Most importantly, our EU and UK customers can continue to use our services in compliance with European Law. The court’s ruling does not change their services, as most of the data they provide to us (i.e. Customer Content - evidence data uploaded into Axon Cloud) are kept in the European Economic Area. There are some ancillary data, depending on the product used, which may be transferred from Axon’s EU entities to the United States. For these types of transfers, we will continue to ensure they remain compliant. For more detailed information on what types of data are considered Customer Content or what types of data may be transferred to the United States, please review our Axon Cloud Services Privacy Policy.   
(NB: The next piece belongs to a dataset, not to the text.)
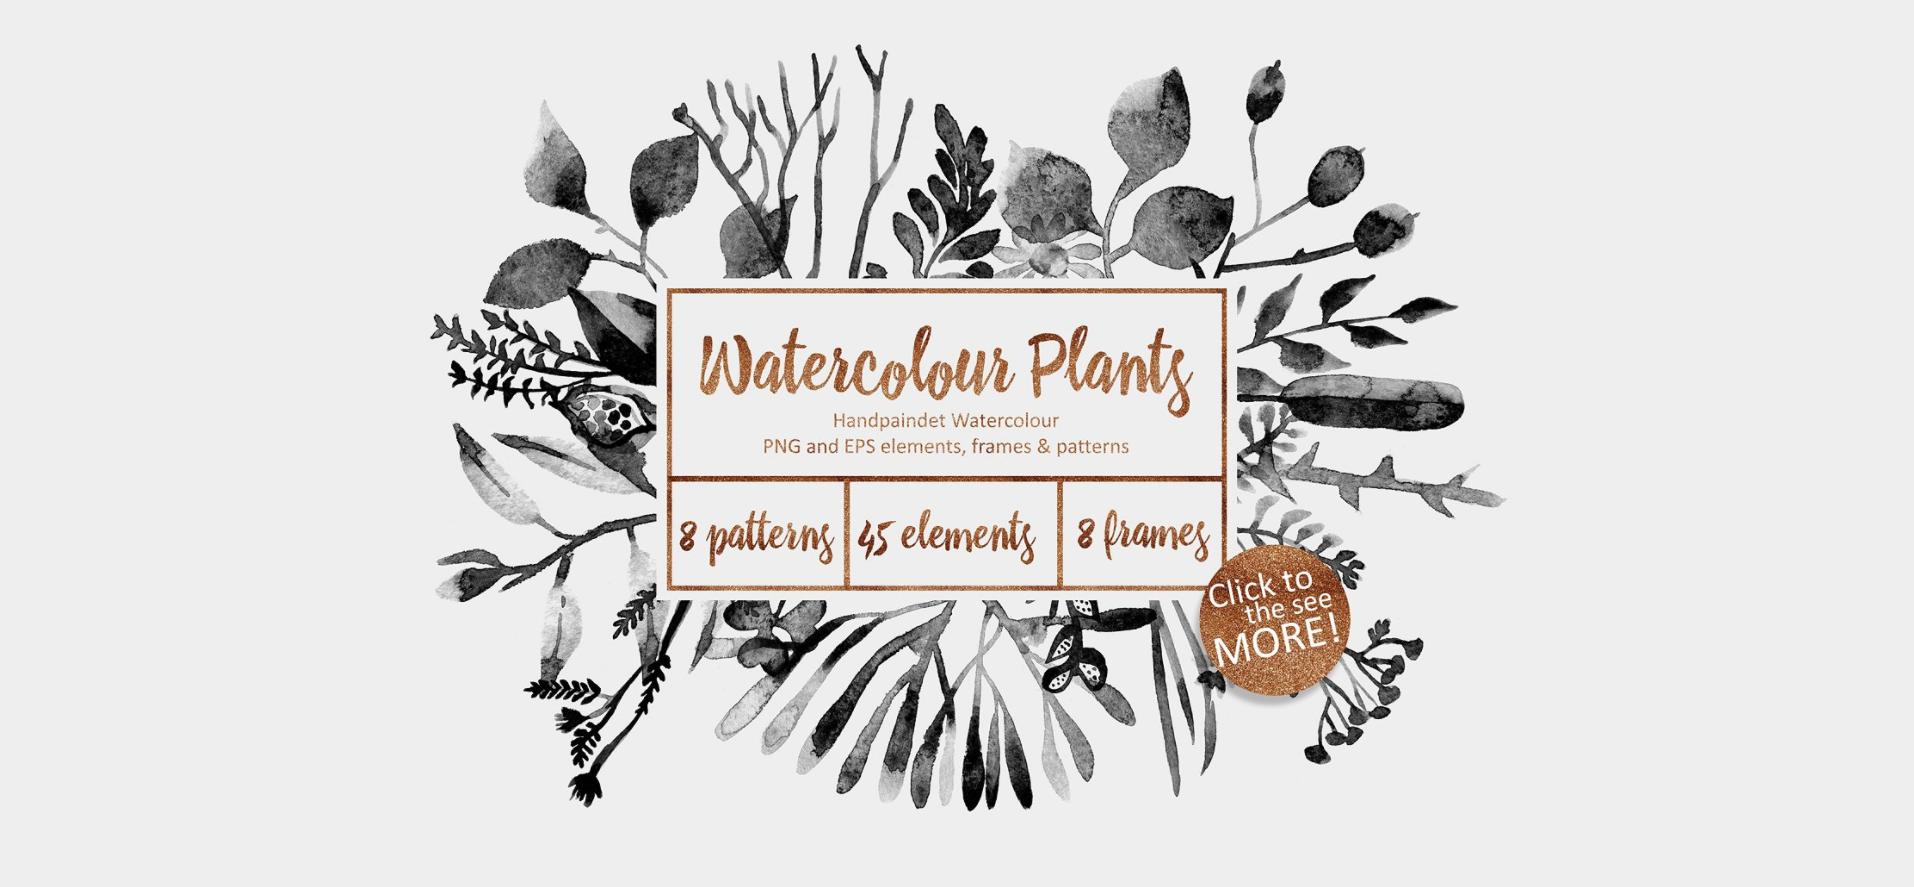 Watercolor Plants by Creative Market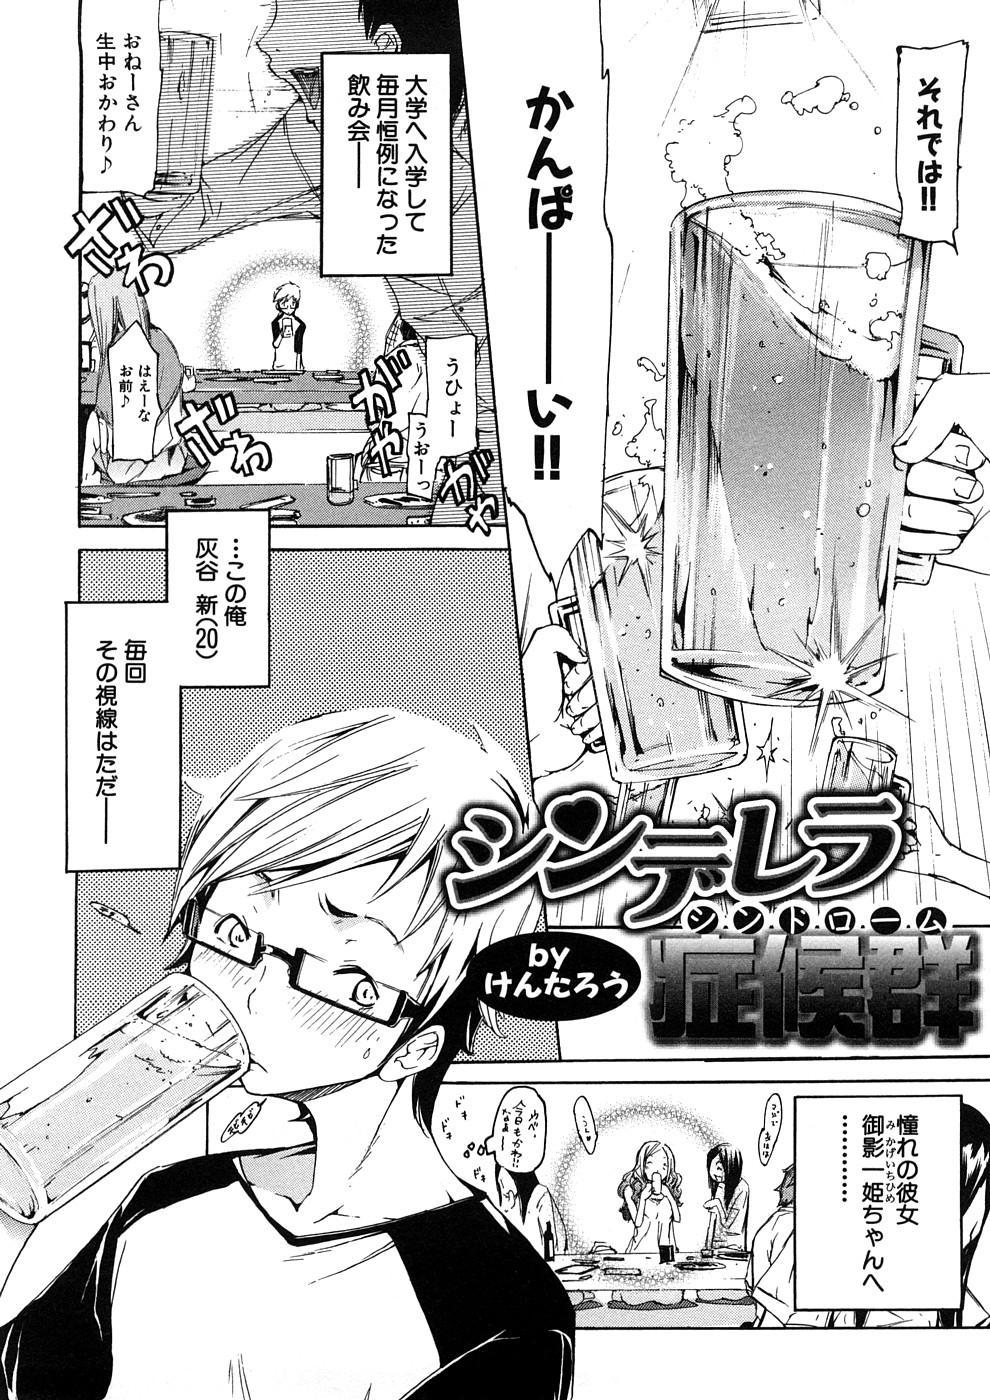 Geki Yaba Anthology Vol. 1 - Naka ni Dashite yo 28

As an additional layer of protection, our agreements may have overlapping protections under both the Standard Contractual Clauses and the EU-US Privacy Shield framework. 

Since each of our agreements are specific to each customer, we ask customers to review their agreement to determine if it relies on the EU-US Privacy Shield framework or the Standard Contractual Clauses or both. If it relies on the Standard Contractual Clauses or both, rest assured no update will be required to the agreement. If it only relies on the EU-US Privacy Shield framework, then we ask that they reach out to their Sales Manager/Customer Success Manager and they will work with each customer to execute the Standard Contractual Clauses, if necessary. 

We will continue to monitor the evolution of international data transfer mechanisms under the GDPR & LED, and are committed to having a lawful basis for data transfers in compliance with applicable data protection laws.